That is how I view the guidestones. But I’m downplaying something the authors of the stones emphasized. The first two guidelines are “Maintain humanity under five hundred million in perpetual balance with nature” and “Guide reproduction wisely—improving fitness and diversity”. A charitable interpretation says these lines urge us to avoid overpopulation and overexploitation and to cultivate a healthy genetic pool. This makes sense, given that current demography suggests that our current global population growth is unsustainable and that a system of birth control will be necessary eventually. A less charitable view says that the author has a Nazi-esque worldview where the intimate business of reproduction is controlled by the state and governed by some genetic program. An even less charitable view says that the author wants to bring about a massive reduction in world population and the institution of strict eugenics. Here are two facts: This author had the resources and inclination to construct a 20-foot-tall, 120-ton monument in twelve languages. He did so under a pseudonym on behalf of backers with the ability to fund such a project. That is why many people consider the Georgia guidestones to be clear evidence that a conspiracy of people of no small means plans to unite the governments of the world and eliminate the majority of its population. This theory is the current articulation of a conspiracy theory that has been growing in America for 100 years: the New World Order conspiracy theory.

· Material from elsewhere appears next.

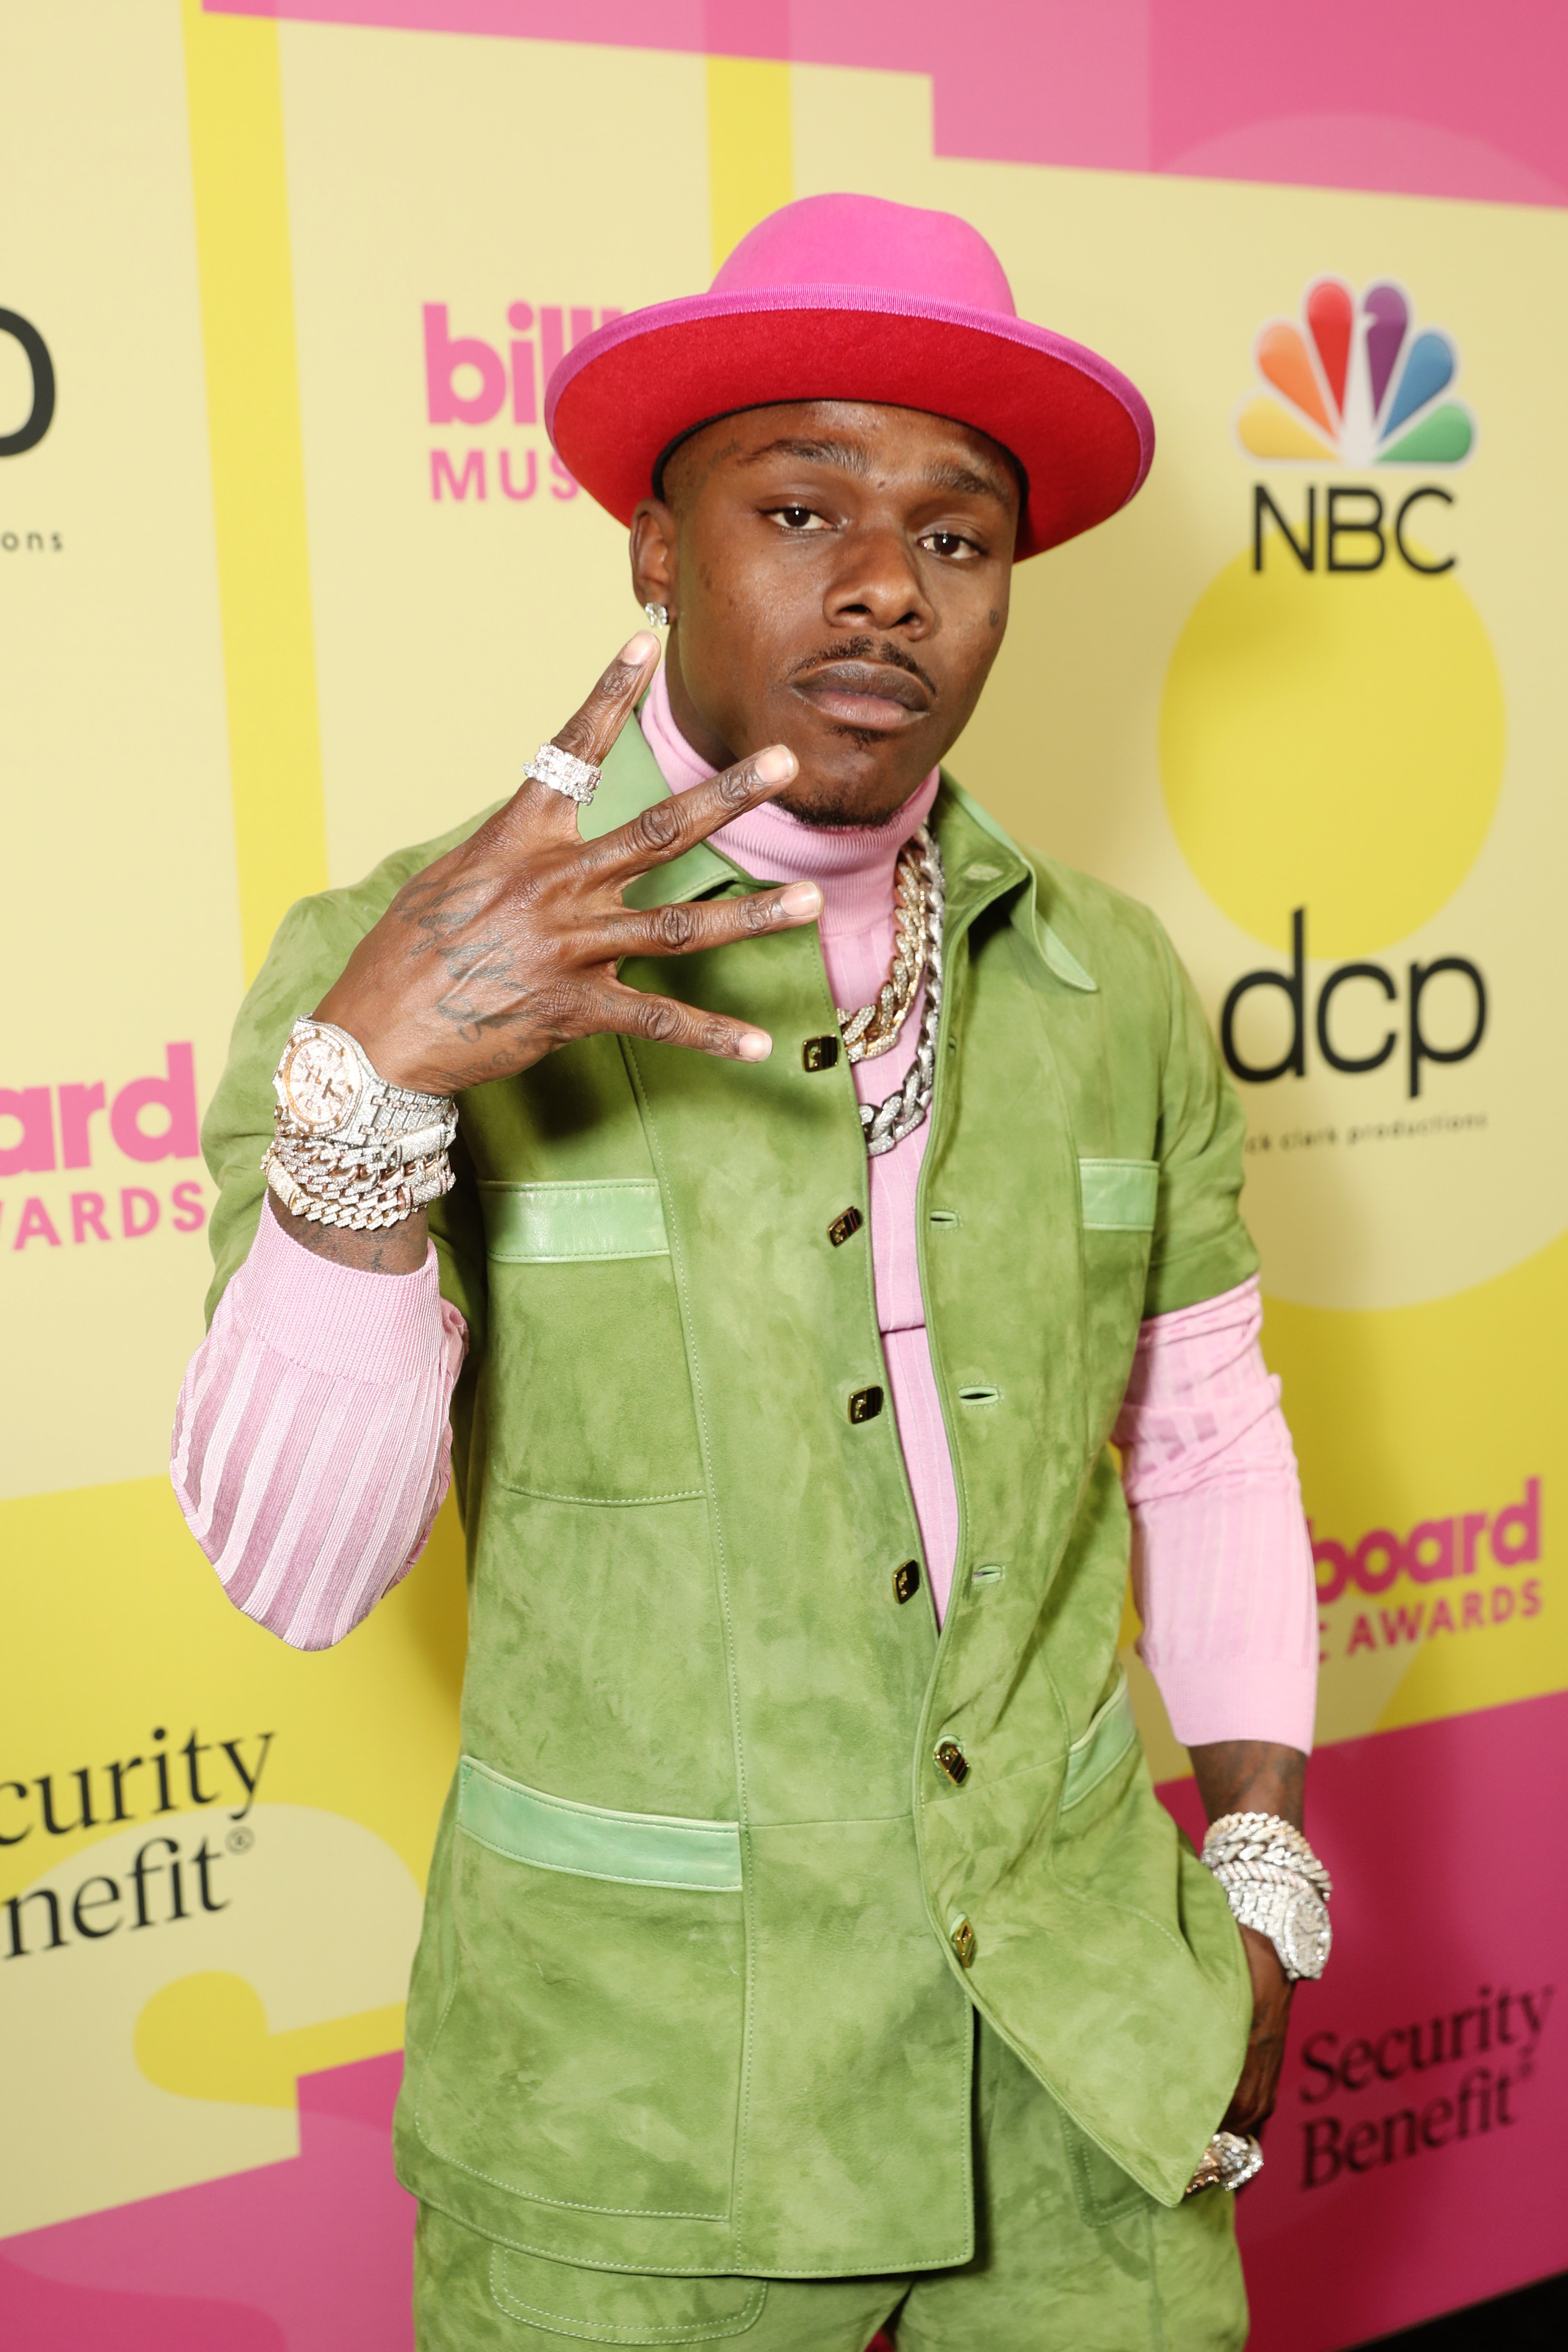 hat dababy outfits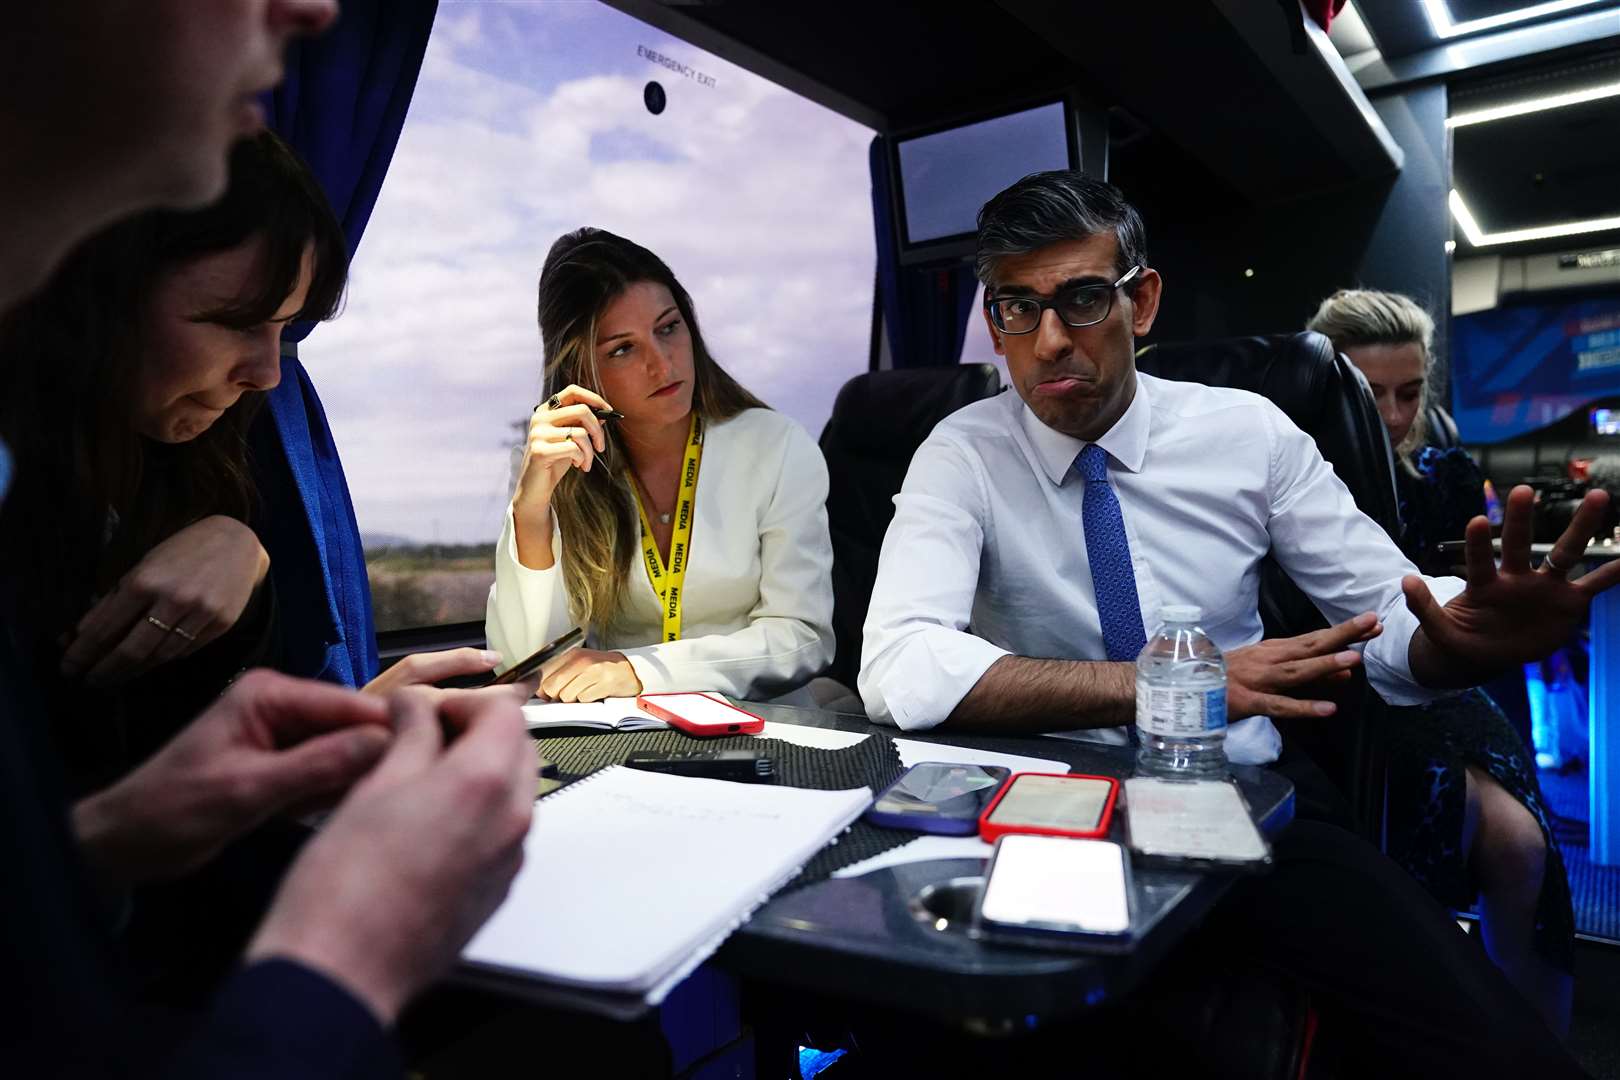 Prime Minister Rishi Sunak talks to journalists on board his campaign battle bus during the election campaign (Aaron Chown/PA)

One feature that makes conspiracy theories different from most thought systems is their incredible heterodoxy. That word is the opposite of orthodoxy. Here, I am using it to refer to huge diversity of ideas that peacefully coexist in the conspiracy theory community. There are popular ideas but not definitive ideas. The most accepted milieu of ideas in conspiracy theory circles changes as quickly as the news. This makes these theories particularly hardy. There is an additive effect that keeps the superconspiracy strong even if each of its supporting pillars are debunked. I bring this up because I just defined the new world order as an international cabal that wants to take over the world and massacre the people. This is the clearest articulation I have been able to form for it. However, this is not the only conception. There are many, many ideas about the new world order. They are related to the illuminati. They are related to Opus Dei. They are secret freemasons. They are secret Jews. But there are camps that would disagree with each or all of those statements. And, in fact, it doesn’t matter who comprises the new world order. The new world order is an organization so broad in reach and so deep in infiltration that its presence can’t be detected or, rather, can only be detected by the canniest sleuths. Only by stringing together a large number of event conspiracy theories over a long period of time across the globe can the new world order be detected. Defining its exact attributes is definitionally impossible. It can be conceptualized in several different ways simultaneously without contradiction. Even if they’re not behind 9/11 and Obama, they’re behind JFK and the moon landing. They are defined not by who they are or what they believe, they are defined by the evil they cause. And because they are so hard to detect, the details of the conspiracy can shift without it jeopardizing the whole of the idea.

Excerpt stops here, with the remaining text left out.